As we set off the tram went over an old whitewashed aqueduct and stopped halfway along where everyone started whispering while looking over the side. Below us on the floor was a large black fella laid on his back, unconscious. I asked what had happened and was told that this was quite a regular occurrence, the bloke had been knocked out and his shoes stolen. Lucky for me that my shoes are in a bit of a state, worn out and smelly, so I can’t imagine anyone wanting to nick them. The trip was nice though, passing through cobbled streets and past nice old houses. Street kids would run alongside the tram and jump onto the running board playing a kind of tram surfing game. If you’re from Lisbon this place really is a home from home as the little trams of Lisbon travel through similar looking cobbled streets. At the furthest and highest part of the trip you get a clear view of Cristo Redentor on top of Corcovado Mountain.
Back in town I headed to the new cathedral, I don’t know what the best way to describe this place is other than a street cone with the top cut off. Inside is a huge open space completely surrounded by a cone of stained glass but to be honest, as monumental as this is I’ve never been one for these modern churches and cathedrals. I went for a wander through the old centre passing Praça Floriano, Largo da Carioca, the Covento de Santo Antonio and the old royal palace (Paço Imperial) where the Portuguese monarchs once reigned. I thought I’d try and get the ferry to Niteroi but it wasn’t running today due to ferry port repairs, typical.
Back in the hotel I immersed myself in a Saturday early evening TV show. I don’t know what it was called but I can guess that the name was something like “The ‘Who has the best Brazilian crotch’ Show”! From what I could see the programme worked like this, ten women lined up in yellow lycra g-strings while the cameraman zoomed in on their crotches and the audience voted on the best. What criteria they were using to make their votes I shudder to think. Either way I was unsurprisingly transfixed, who says travelling doesn’t broaden the mind. I’m clearly up to date with the cultural diversity of the Brazilian people, and more importantly the one I liked won, how’s that for empathy. As a bonus for winning they even showed her face!

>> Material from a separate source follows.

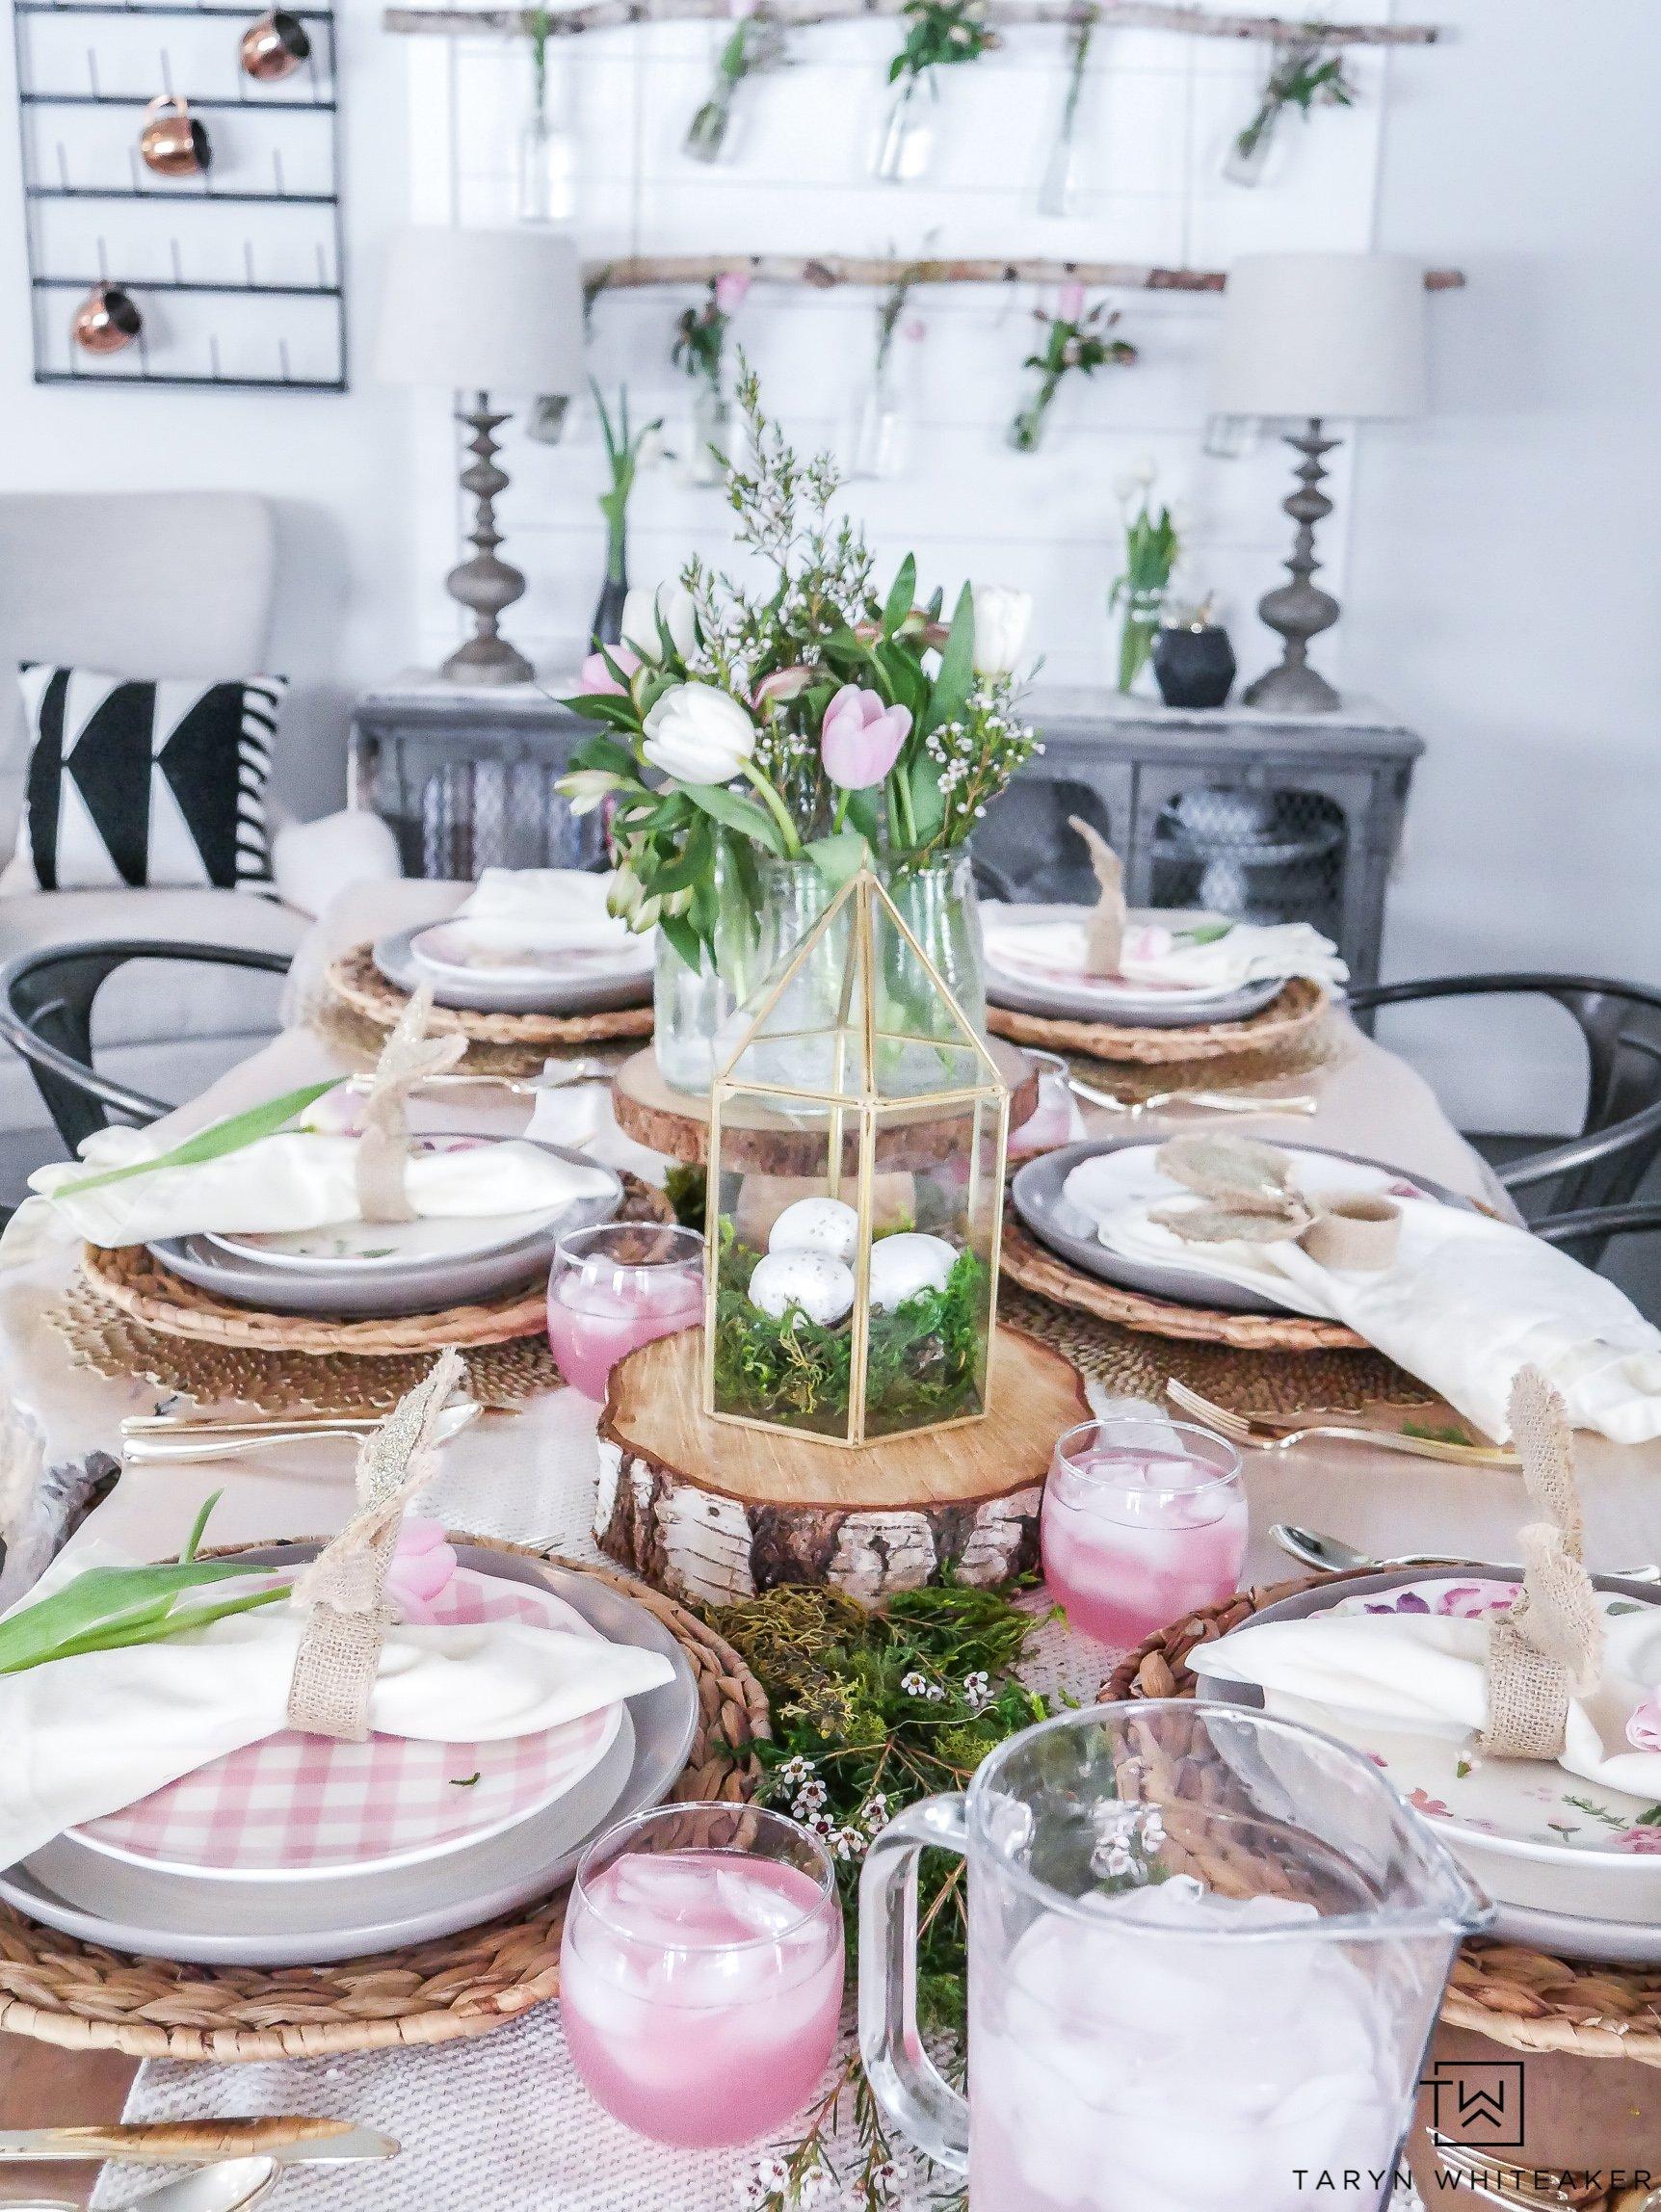 Ostertischdeko mit Holz, Stoffservietten, Serviettenringe und Blumen gestalten

To recover my energy I popped out to a shop to buy some cake and bought a packet which had a picture of a lovely cake on it, however on returning to the hotel it suddenly became apparent that the picture was not of what’s actually in the packet, it was a bleedin’ small stick of margarine. Not anywhere on the packet does it say margarine in any language I just states ‘bolo’ which according to my phrase book is cake! It probably says “can be used to make cake!” The buggers! Not a lot you can do with a small stick of margarine so I’ve fixed my squeaky door with a bit, bought some bread and threw the rest away.
I thought I’d just get my travel documents together and have noticed that my travel insurance ran out today, I’d extended my time in South America but completely forgot about my insurance! Great, I’m in Rio without insurance!!